START Data to process

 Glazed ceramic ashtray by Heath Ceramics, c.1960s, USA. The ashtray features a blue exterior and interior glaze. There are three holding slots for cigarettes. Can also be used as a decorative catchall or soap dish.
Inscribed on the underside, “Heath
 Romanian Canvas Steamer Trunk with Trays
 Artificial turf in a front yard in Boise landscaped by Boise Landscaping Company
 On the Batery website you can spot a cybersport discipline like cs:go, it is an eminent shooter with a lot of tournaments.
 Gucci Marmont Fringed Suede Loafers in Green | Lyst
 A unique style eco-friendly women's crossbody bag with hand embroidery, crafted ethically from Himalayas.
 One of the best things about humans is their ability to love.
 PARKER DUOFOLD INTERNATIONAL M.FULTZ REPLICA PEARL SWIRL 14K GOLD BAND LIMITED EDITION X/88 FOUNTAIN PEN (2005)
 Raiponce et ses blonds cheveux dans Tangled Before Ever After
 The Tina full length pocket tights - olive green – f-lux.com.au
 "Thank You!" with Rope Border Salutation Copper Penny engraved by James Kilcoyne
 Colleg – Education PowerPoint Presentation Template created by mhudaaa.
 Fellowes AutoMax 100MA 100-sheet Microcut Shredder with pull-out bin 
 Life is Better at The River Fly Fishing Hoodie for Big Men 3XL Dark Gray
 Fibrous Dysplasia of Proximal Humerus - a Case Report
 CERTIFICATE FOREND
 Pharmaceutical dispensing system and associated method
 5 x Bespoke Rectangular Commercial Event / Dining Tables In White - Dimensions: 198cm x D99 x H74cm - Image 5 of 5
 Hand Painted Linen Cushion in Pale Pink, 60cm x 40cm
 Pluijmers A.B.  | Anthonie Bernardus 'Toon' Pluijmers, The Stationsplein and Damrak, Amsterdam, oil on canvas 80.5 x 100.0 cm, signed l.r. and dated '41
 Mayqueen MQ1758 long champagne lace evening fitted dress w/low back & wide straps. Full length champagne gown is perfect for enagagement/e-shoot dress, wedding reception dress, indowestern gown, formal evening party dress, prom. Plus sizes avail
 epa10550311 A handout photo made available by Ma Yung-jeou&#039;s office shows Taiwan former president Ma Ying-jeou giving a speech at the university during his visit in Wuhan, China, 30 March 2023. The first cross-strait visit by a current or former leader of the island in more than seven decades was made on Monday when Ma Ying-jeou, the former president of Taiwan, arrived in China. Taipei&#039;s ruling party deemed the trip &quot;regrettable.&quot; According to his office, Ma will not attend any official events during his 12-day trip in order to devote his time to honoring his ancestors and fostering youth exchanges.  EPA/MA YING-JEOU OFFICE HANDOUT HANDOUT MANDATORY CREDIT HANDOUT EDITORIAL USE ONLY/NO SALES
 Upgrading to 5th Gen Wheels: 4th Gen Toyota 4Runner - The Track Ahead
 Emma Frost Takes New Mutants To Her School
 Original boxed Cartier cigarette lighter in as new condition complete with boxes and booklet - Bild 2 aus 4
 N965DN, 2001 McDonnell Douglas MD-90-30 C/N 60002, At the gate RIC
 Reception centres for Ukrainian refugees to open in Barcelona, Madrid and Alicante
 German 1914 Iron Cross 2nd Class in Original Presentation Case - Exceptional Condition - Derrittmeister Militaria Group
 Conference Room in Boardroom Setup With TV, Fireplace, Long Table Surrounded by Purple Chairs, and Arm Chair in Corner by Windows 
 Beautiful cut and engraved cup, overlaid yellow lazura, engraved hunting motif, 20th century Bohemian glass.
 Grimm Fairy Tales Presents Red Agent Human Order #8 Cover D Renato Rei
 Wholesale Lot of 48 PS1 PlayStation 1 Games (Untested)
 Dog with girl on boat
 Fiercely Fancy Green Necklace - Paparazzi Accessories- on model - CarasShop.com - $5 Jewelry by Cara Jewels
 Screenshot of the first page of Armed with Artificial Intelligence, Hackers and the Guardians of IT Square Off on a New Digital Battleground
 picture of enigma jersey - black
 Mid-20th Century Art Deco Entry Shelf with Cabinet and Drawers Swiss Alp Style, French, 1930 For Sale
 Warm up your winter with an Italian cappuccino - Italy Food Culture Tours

END Data to process

▶ **Exercise requirements**
Transcribe the data. Leave every line exactly as it is.

▶ **Answer space**
 Glazed ceramic ashtray by Heath Ceramics, c.1960s, USA. The ashtray features a blue exterior and interior glaze. There are three holding slots for cigarettes. Can also be used as a decorative catchall or soap dish.
Inscribed on the underside, “Heath
 Romanian Canvas Steamer Trunk with Trays
 Artificial turf in a front yard in Boise landscaped by Boise Landscaping Company
 On the Batery website you can spot a cybersport discipline like cs:go, it is an eminent shooter with a lot of tournaments.
 Gucci Marmont Fringed Suede Loafers in Green | Lyst
 A unique style eco-friendly women's crossbody bag with hand embroidery, crafted ethically from Himalayas.
 One of the best things about humans is their ability to love.
 PARKER DUOFOLD INTERNATIONAL M.FULTZ REPLICA PEARL SWIRL 14K GOLD BAND LIMITED EDITION X/88 FOUNTAIN PEN (2005)
 Raiponce et ses blonds cheveux dans Tangled Before Ever After
 The Tina full length pocket tights - olive green – f-lux.com.au
 "Thank You!" with Rope Border Salutation Copper Penny engraved by James Kilcoyne
 Colleg – Education PowerPoint Presentation Template created by mhudaaa.
 Fellowes AutoMax 100MA 100-sheet Microcut Shredder with pull-out bin 
 Life is Better at The River Fly Fishing Hoodie for Big Men 3XL Dark Gray
 Fibrous Dysplasia of Proximal Humerus - a Case Report
 CERTIFICATE FOREND
 Pharmaceutical dispensing system and associated method
 5 x Bespoke Rectangular Commercial Event / Dining Tables In White - Dimensions: 198cm x D99 x H74cm - Image 5 of 5
 Hand Painted Linen Cushion in Pale Pink, 60cm x 40cm
 Pluijmers A.B.  | Anthonie Bernardus 'Toon' Pluijmers, The Stationsplein and Damrak, Amsterdam, oil on canvas 80.5 x 100.0 cm, signed l.r. and dated '41
 Mayqueen MQ1758 long champagne lace evening fitted dress w/low back & wide straps. Full length champagne gown is perfect for enagagement/e-shoot dress, wedding reception dress, indowestern gown, formal evening party dress, prom. Plus sizes avail
 epa10550311 A handout photo made available by Ma Yung-jeou&#039;s office shows Taiwan former president Ma Ying-jeou giving a speech at the university during his visit in Wuhan, China, 30 March 2023. The first cross-strait visit by a current or former leader of the island in more than seven decades was made on Monday when Ma Ying-jeou, the former president of Taiwan, arrived in China. Taipei&#039;s ruling party deemed the trip &quot;regrettable.&quot; According to his office, Ma will not attend any official events during his 12-day trip in order to devote his time to honoring his ancestors and fostering youth exchanges.  EPA/MA YING-JEOU OFFICE HANDOUT HANDOUT MANDATORY CREDIT HANDOUT EDITORIAL USE ONLY/NO SALES
 Upgrading to 5th Gen Wheels: 4th Gen Toyota 4Runner - The Track Ahead
 Emma Frost Takes New Mutants To Her School
 Original boxed Cartier cigarette lighter in as new condition complete with boxes and booklet - Bild 2 aus 4
 N965DN, 2001 McDonnell Douglas MD-90-30 C/N 60002, At the gate RIC
 Reception centres for Ukrainian refugees to open in Barcelona, Madrid and Alicante
 German 1914 Iron Cross 2nd Class in Original Presentation Case - Exceptional Condition - Derrittmeister Militaria Group
 Conference Room in Boardroom Setup With TV, Fireplace, Long Table Surrounded by Purple Chairs, and Arm Chair in Corner by Windows 
 Beautiful cut and engraved cup, overlaid yellow lazura, engraved hunting motif, 20th century Bohemian glass.
 Grimm Fairy Tales Presents Red Agent Human Order #8 Cover D Renato Rei
 Wholesale Lot of 48 PS1 PlayStation 1 Games (Untested)
 Dog with girl on boat
 Fiercely Fancy Green Necklace - Paparazzi Accessories- on model - CarasShop.com - $5 Jewelry by Cara Jewels
 Screenshot of the first page of Armed with Artificial Intelligence, Hackers and the Guardians of IT Square Off on a New Digital Battleground
 picture of enigma jersey - black
 Mid-20th Century Art Deco Entry Shelf with Cabinet and Drawers Swiss Alp Style, French, 1930 For Sale
 Warm up your winter with an Italian cappuccino - Italy Food Culture Tours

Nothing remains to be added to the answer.